To make matters worse, dep tried to stuff too much of a DSL into the package specification on the command line. example.com/path/pkg@hashish made it impossible to specify git@example.com/path/pkg as the location because the parser wasn't robust enough, and the package location parser wasn't/isn't smart enough to honor ssh://git@example.com/path/path as a way to be explicit about how you wanted this done.
dep did work for our use case if you edited the toml file directly, once I made a 2 character change to a regular expression in v0.3.0. We use dep and stopped upgrading with that version; I'm hoping go modules make non-public repos easier, but I'm not holding my breath.
> Go’s module system should not have to give consideration to the particular transport you want to use.
> Its references are canonical and it’s up to you to set up the relevant process for it to retrieve the source for those references.
Git has a proper notion of references; it properly separates transport from references of remotes. Go uses just `https://` links, and expects the website to have a single `<meta>` tag containing a vcs clone URL (i.e., transport) to use. VCSes have had separation and multiplicity of transport for a long time, but Go will deal with only one URL (i.e., transport), with no way for the user/distributor to specify preferences otherwise.
For example, everything from git.kernel.org to github.com allows the user to chose which URL to clone with. The remote is not supposed to know or dictate a single transport.
I think `go get`'s limited method of transport discovery is just a hack that got released into production and stagnated in its form. It was a perfectly fine hack for public repos (on the internet or on Google's intranet), but it just never got any features (let alone documentation) specifically for repos that need an authenticated way to clone them. The fact that git has a nifty way to rewrite URLs is just a luck.
My entire point is that VCSes support multiple transports since before Go came about. I never claimed Go should support HTTP and SSH only. In fact, I never claimed it should support either. I claimed it shouldn't force the VCS host to chose for the user which clone URL (and thus transport) to use.
It’s hardly magic. It’s a defined feature of git. If one couldn’t avail himself of the defined features of git, then there’d be no reason to build on top of it in the first place.
> If one couldn’t avail himself of the defined features of git, then there’d be no reason to build on top of it in the first place.
Sure build on top of it, but don't expect your users to implicitly know the defined, yet obscure, features of git you build on.
> It’s hardly magic.
I didn't claim this is a magic feature in git. I meant the way of `go get`-ing a private library by letting `go get` try and clone from https URLs while silently changing them to git:// URLs in a completely separate layer under it is magic.
How is the first application developer to know this git (not go) feature exists in the first place? The application developer is looking to use `go get`, and is frustrated that `go get` only downloads via https, asking them for a username and password combo every time. `go get` has no documentation to make it use git URLs.
Only when the application developer looks online for a solution to this do they find some StackOverflow post detailing this workaround. Or other workarounds, like the insecure option of telling git to save your https credentials.

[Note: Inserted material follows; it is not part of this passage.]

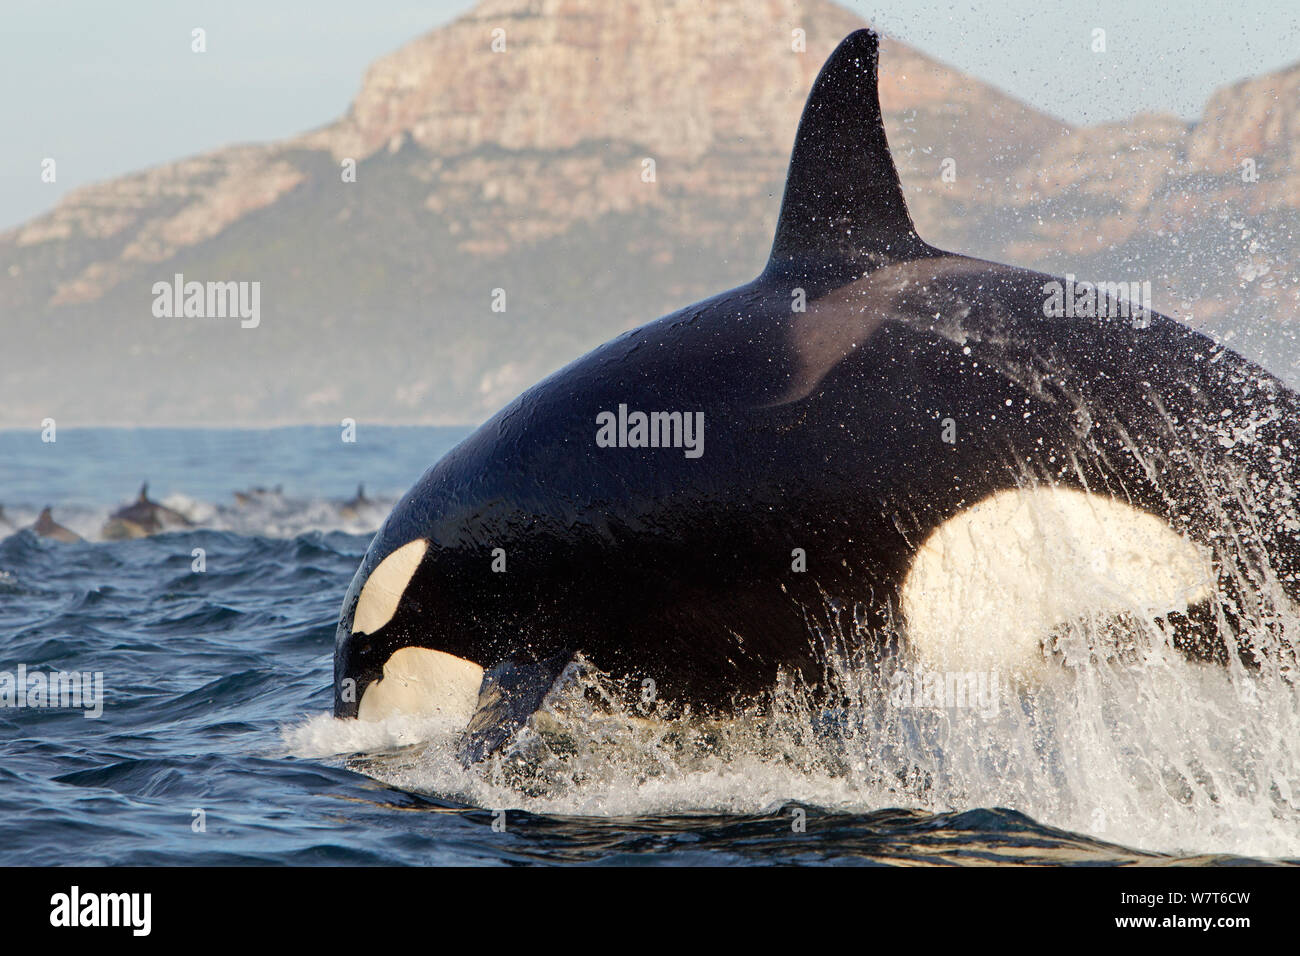 Killer whale (Orcinus orca) hunting common dolphin (Delphinus delphis), False Bay, South Africa, July. Stock Photo

Sure, a knowledgeable application developer can put whatever quirks their build system needs in their documentation; but a developer ignorant of these workarounds shouldn't have to go beyond `go get`'s documentation in the first place.
I currently use submodules inside of vendor/ and set each dependency's remote to the SSH URL. You can then simply use git clone --recursive to get everything, including via SSH.
That being said, I share your hope that this can remain smooth in the new Go modules implementation. $GOPATH is always a hurdle for new-comers to wrap their heads around in my experience.